Datum uitspraak: 4 september 2019

AFDELING
BESTUURSRECHTSPRAAK

Uitspraak op het hoger beroep van:

[appellant], wonend te [woonplaats],

appellant,

tegen de uitspraak van de rechtbank Den Haag van 10 oktober 2018 in zaak nr. 18/1436 in het geding tussen:

[appellant]

en

de minister van Infrastructuur en Waterstaat (voorheen de minister van Infrastructuur en Milieu).

Procesverloop

Bij besluit van 7 september 2017 heeft de minister aan [appellant] een boete opgelegd van € 1000,00 wegens overtreding van artikel 2.5:1, tweede lid, van het Arbeidstijdenbesluit vervoer (hierna: het Atbv) in samenhang met artikel 8, zesde lid, van Verordening (EG) nr. 561/2006 van het Europees Parlement en de Raad van 15 maart 2006 tot harmonisatie van bepaalde voorschriften van sociale aard voor het wegvervoer, tot wijziging van Verordeningen (EEG) nr. 3821/85 en (EG) nr. 2135/98 van de Raad en tot intrekking van Verordening (EEG) nr. 3820/85 van de Raad (hierna: de Vo. 561/2006.

Bij besluit van 12 januari 2018 heeft de minister het door [appellant] daartegen gemaakte bezwaar ongegrond verklaard.

Bij uitspraak van 10 oktober 2018 heeft de rechtbank het door [appellant] daartegen ingestelde beroep ongegrond verklaard. Deze uitspraak is aangehecht.

Tegen deze uitspraak heeft [appellant] hoger beroep ingesteld.

De minister heeft een schriftelijke uiteenzetting gegeven.
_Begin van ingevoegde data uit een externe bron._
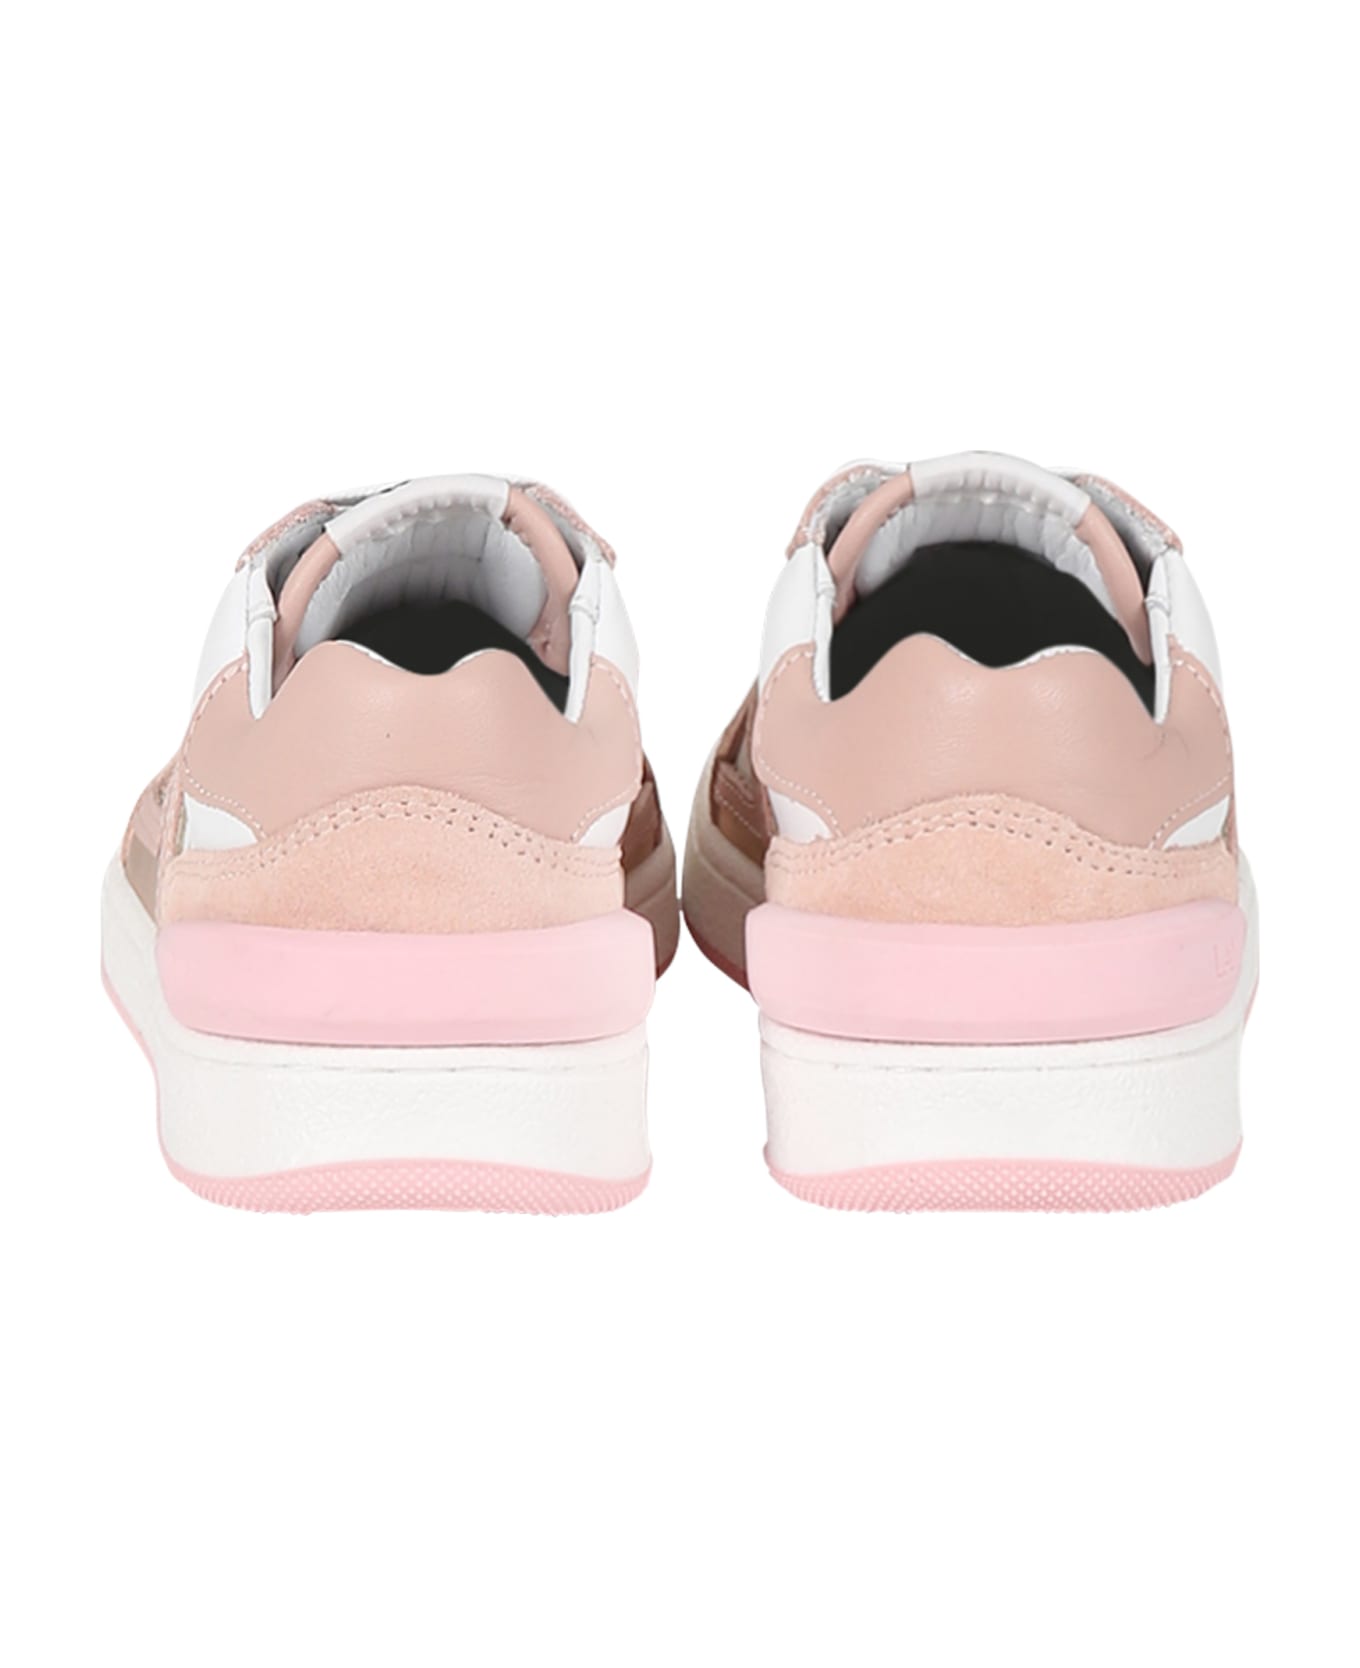 Lanvin Pink Sneakers For Girl With Logo - Pink シューズ

De Afdeling heeft de zaak ter zitting behandeld op 3 juli 2019, waar [appellant], vertegenwoordigd door mr. M.S. Kikkert, advocaat te Haarlem, en de minister, vertegenwoordigd door mr. A. van Geel, mr. W. Autar en mr. W.P. van Kooten-Vroegindeweij, zijn verschenen.

Overwegingen

Wet- en regelgeving

1.    Het wettelijk kader is opgenomen in de bijlage die deel uitmaakt van deze uitspraak.

Inleiding

2.    [appellant] exploiteert een transportbedrijf voor vervoer over de weg. Op 17 november 2016 is een bestuurder van een vrachtwagen van [appellant] door een inspecteur van de Inspectie Leefomgeving en Transport gecontroleerd op naleving van de Arbeidstijdenwet (hierna: de Atw) en het Atbv. De bevindingen van deze controle zijn neergelegd in een op ambtseed opgemaakt boeterapport van 7 december 2016. De inspecteur heeft vastgesteld dat de bestuurder, voordat hij zijn werkzaamheden op 17 november 2016 is aangevangen, niet na 144 uur de wekelijkse rusttijd had genoten. Op het moment van controle had hij namelijk na een periode van 243:48 uur geen wekelijkse rusttijd genoten.
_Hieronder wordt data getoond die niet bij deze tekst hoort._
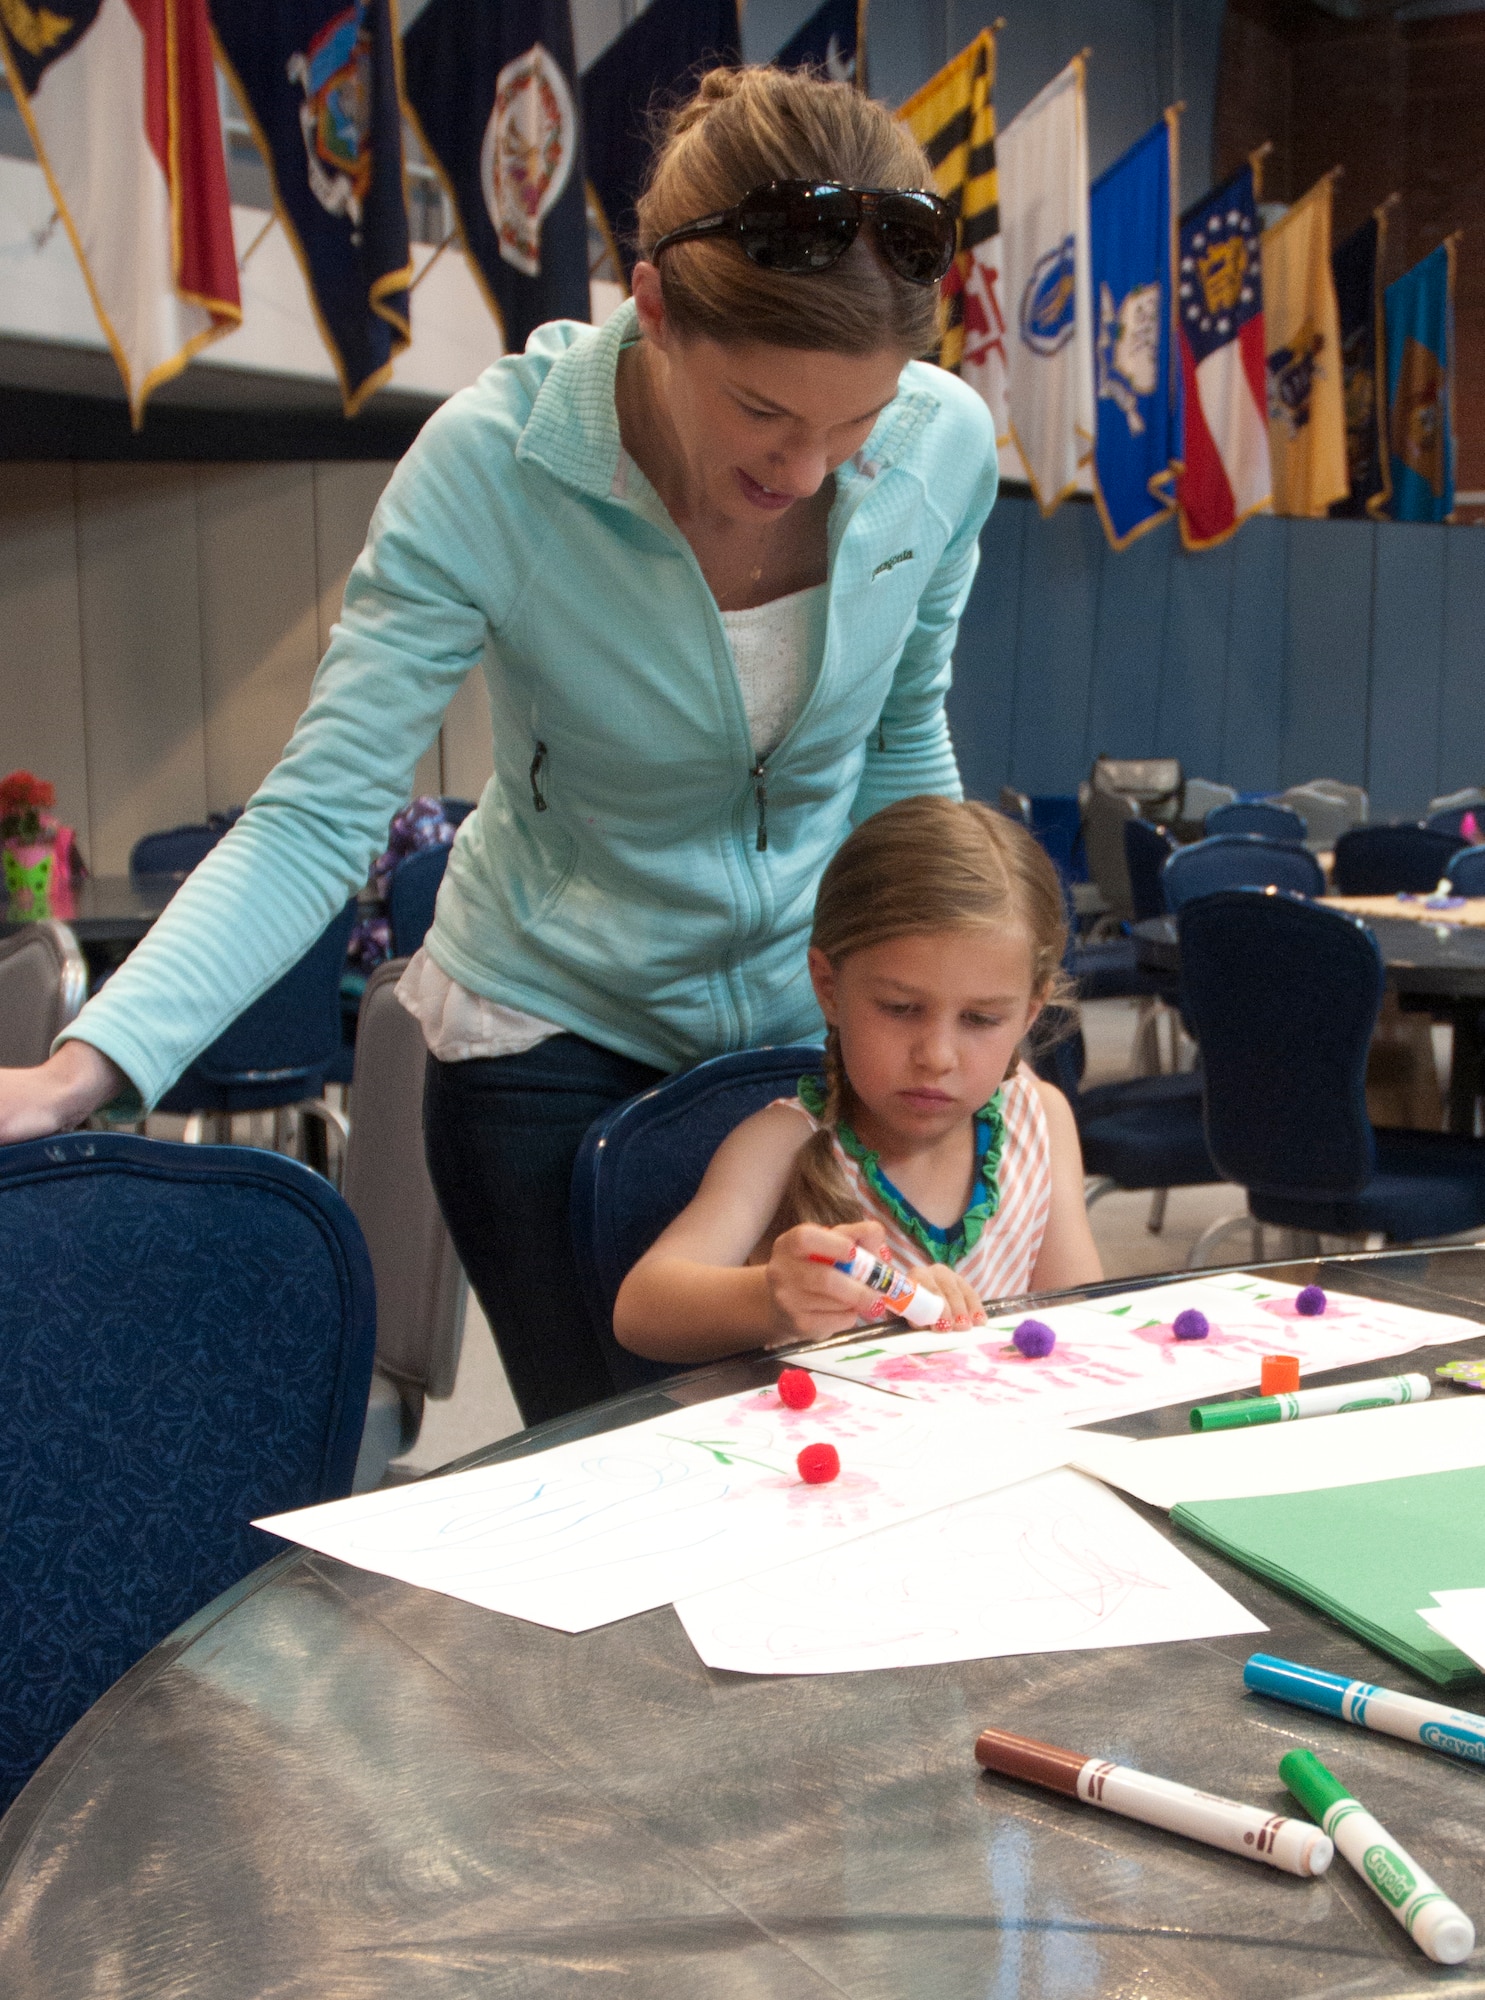 Capt. Carly Clark watches her daughter, Rory, 5, make her a Mother’s Day gift May 10 during the Mommy and Me Tea and Craft event in the Fall Hall Community Center. Clark is visiting from the Aerospace Data Facility out of Buckley Air Force Base, Colo. (U.S. Air Force photo by Airman Malcolm Mayfield)

Op grond hiervan heeft de minister zich in het in bezwaar gehandhaafde besluit op het standpunt gesteld dat de bestuurder artikel 2.5:1, tweede lid, van het Atbv gelezen in samenhang met artikel 8, zesde lid, van Verordening 561/2006 niet heeft nageleefd. Omdat [appellant] op grond van artikel 8:1, tweede lid, van het Atbv als werkgever wordt aangemerkt als degene die de bepaling niet heeft nageleefd en het niet naleven van de bepaling ingevolge het eerste lid een overtreding oplevert, heeft de minister aan [appellant] een boete van € 1000,00 opgelegd.

Aangevallen uitspraak

3.    De rechtbank heeft in haar uitspraak van 10 oktober 2018 overwogen dat niet in geschil is dat de bestuurder ten tijde van de controle op 17 december 2016 reed in dienst van [appellant] en dat zijn arbeidsovereenkomst met [appellant] ongeveer een maand eerder is ingegaan. Naar het oordeel van de rechtbank volgt alleen al hieruit dat [appellant] terecht als werkgever is aangemerkt. Dat [appellant] daarnaast mogelijk nog een andere werkgever had, betekent volgens de rechtbank niet dat [appellant] daardoor niet meer als werkgever is aan te merken.

Verder heeft de rechtbank overwogen dat [appellant] niet al het redelijkerwijs mogelijke heeft gedaan om de overtreding te voorkomen, omdat hij onvoldoende toezicht op de bestuurder heeft gehouden. Dit maakt naar het oordeel van de rechtbank dat niet gesproken kan worden van het ontbreken van verwijtbaarheid of verminderde verwijtbaarheid. Voor het matigen van de boete bestaat dan ook volgens de rechtbank geen aanleiding.

Hoger beroep

Werkgever

4.    [appellant] betoogt dat de rechtbank ten onrechte heeft overwogen dat hij voor de overtreding als werkgever kan gelden. Hij voert aan dat de aanvang van de overtreding lag buiten zijn invloedsfeer, omdat de bestuurder op dat moment werkzaam was voor een andere werkgever. De bestuurder heeft namelijk zonder dat [appellant] dit wist op 12 en 13 november 2016 arbeid verricht voor een ander. Hij kan zich niet verenigen met het standpunt van de minister dat de overtreding vervolgens heeft voortgeduurd tot en met 17 november 2016.

4.1    Op grond van artikel 1:1, eerste lid, aanhef en onder a, van de Atw wordt in deze wet en de daarop berustende bepalingen onder werkgever onder meer verstaan degene jegens wie een ander krachtens arbeidsovereenkomst of publiekrechtelijke aanstelling gehouden is tot het verrichten van arbeid, behalve indien die ander aan een derde ter beschikking wordt gesteld voor het verrichten van arbeid, welke die derde gewoonlijk doet verrichten.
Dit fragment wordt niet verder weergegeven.